Dataset excerpt below:

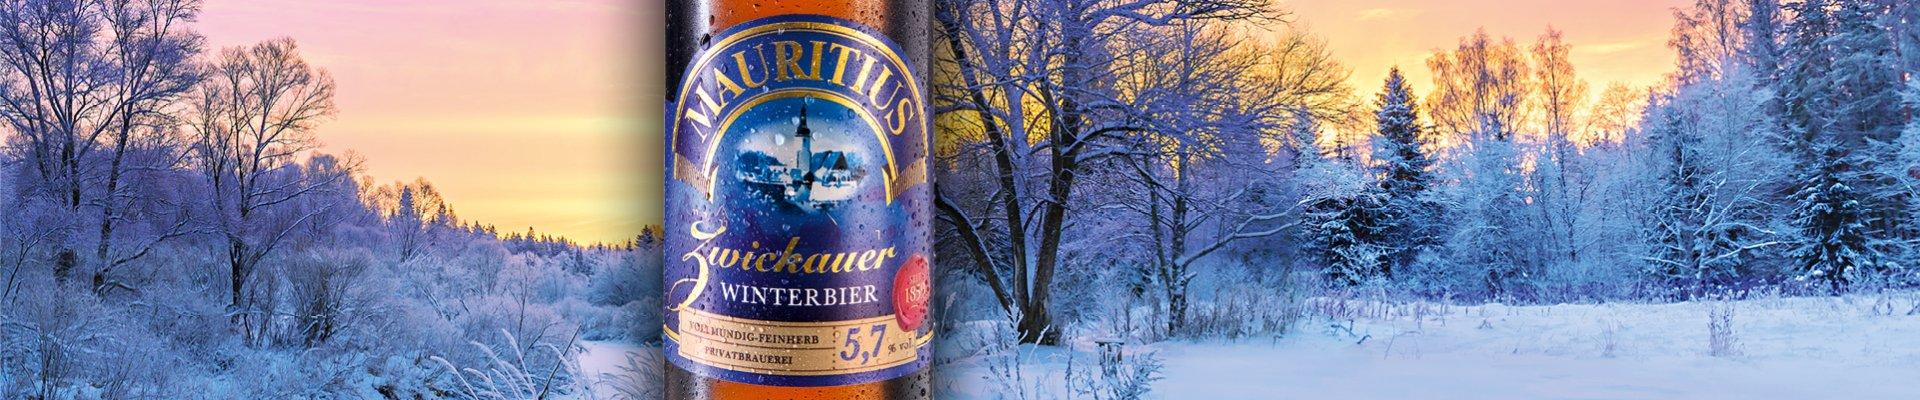 Mauritius: Biere: Winterbier
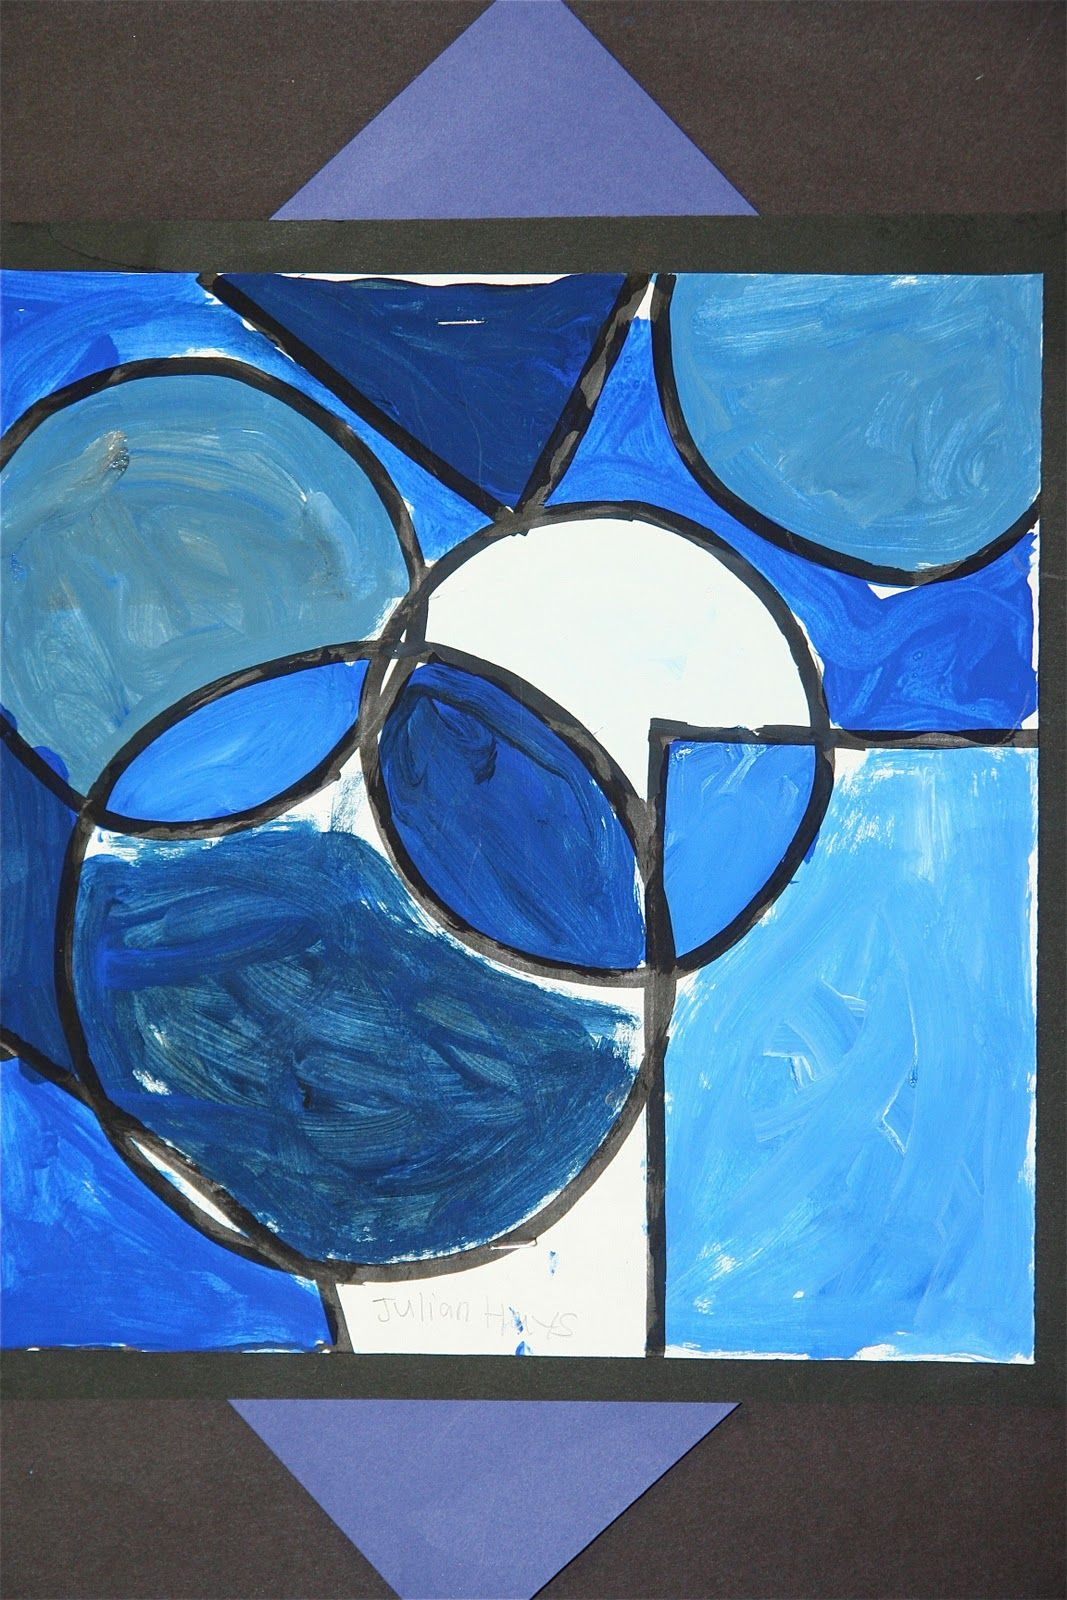 Monochromatic Paintings: Use idea with similar figures ...
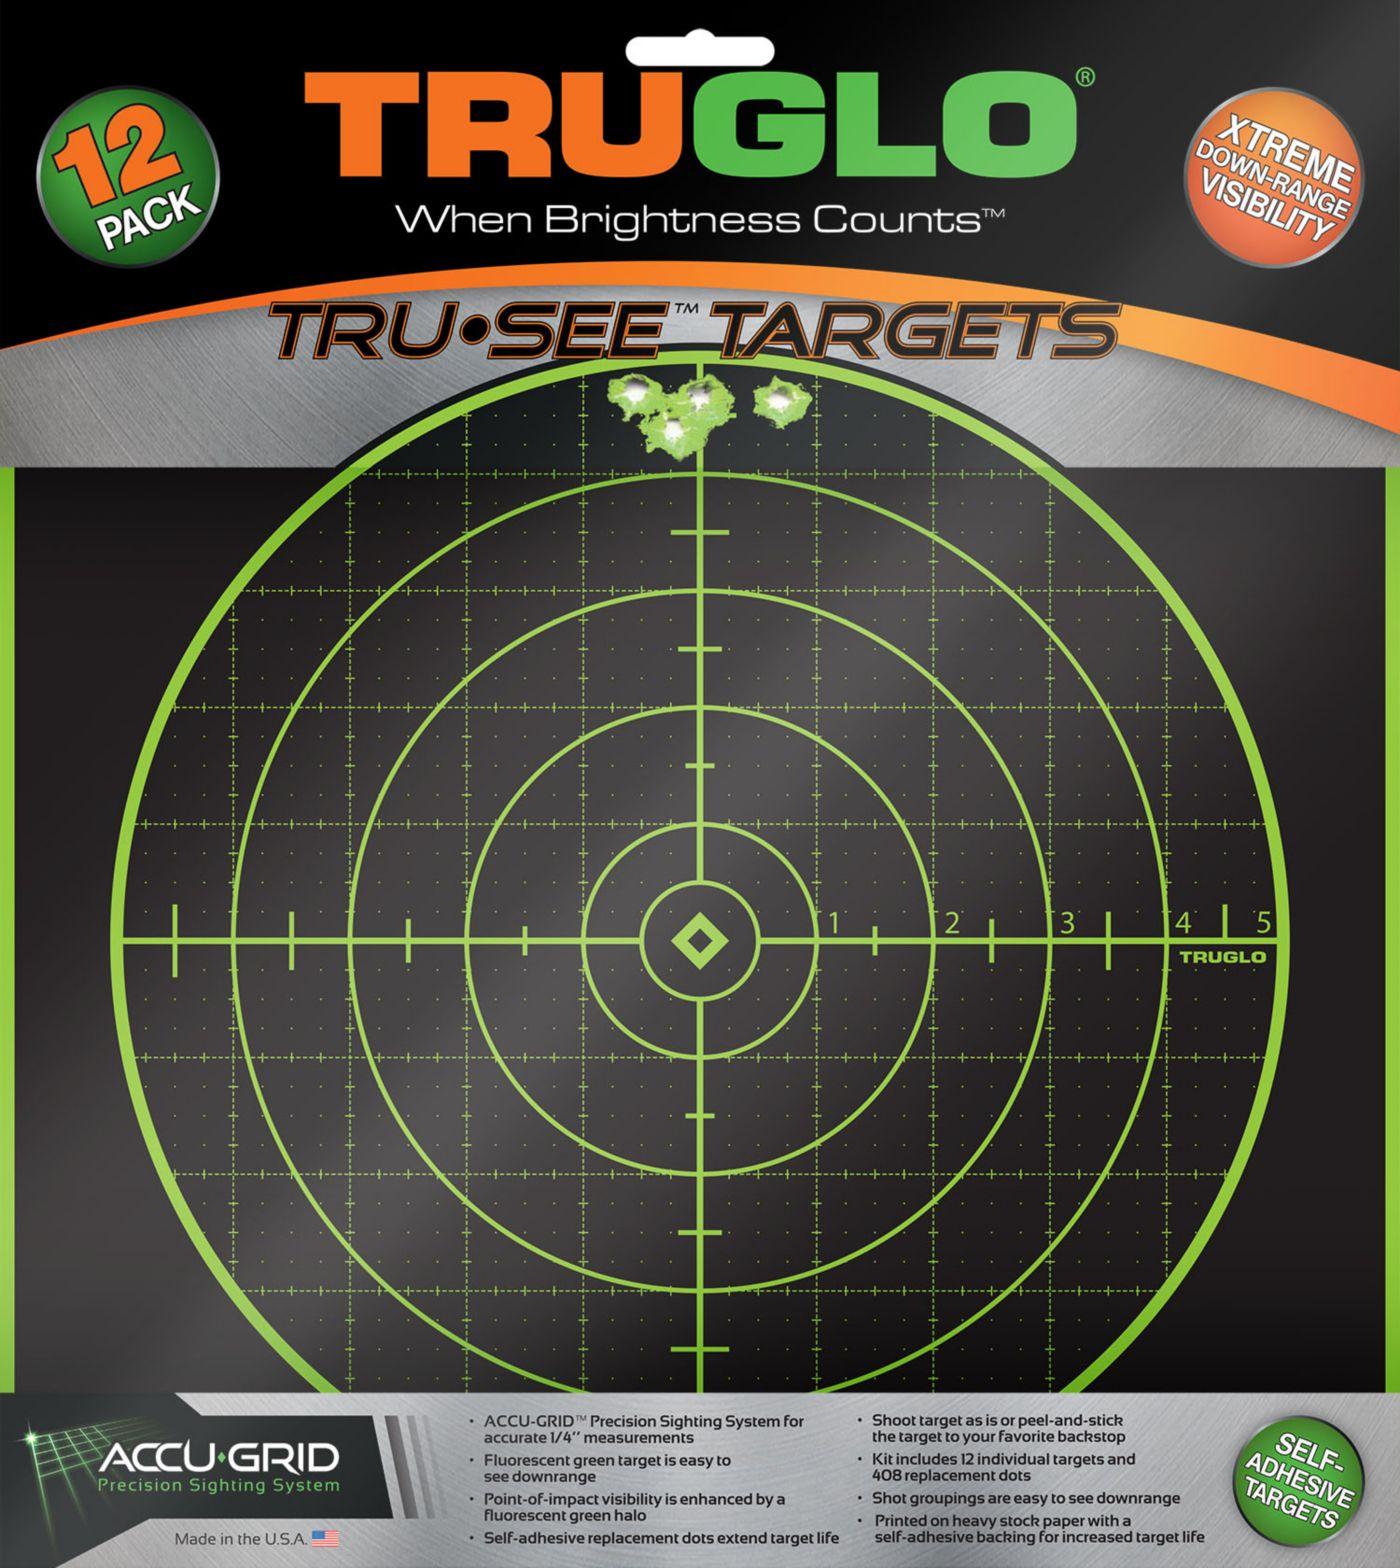 TRUGLO Tru-See Splatter 100-Yard Target – 12 Pack

End of Dataset excerpt.

:: The problem ::
Go through the listing above and retype each line exactly, apart from the pictures.

:: Written solution ::
 Mauritius: Biere: Winterbier
 Monochromatic Paintings: Use idea with similar figures ...
 TRUGLO Tru-See Splatter 100-Yard Target – 12 Pack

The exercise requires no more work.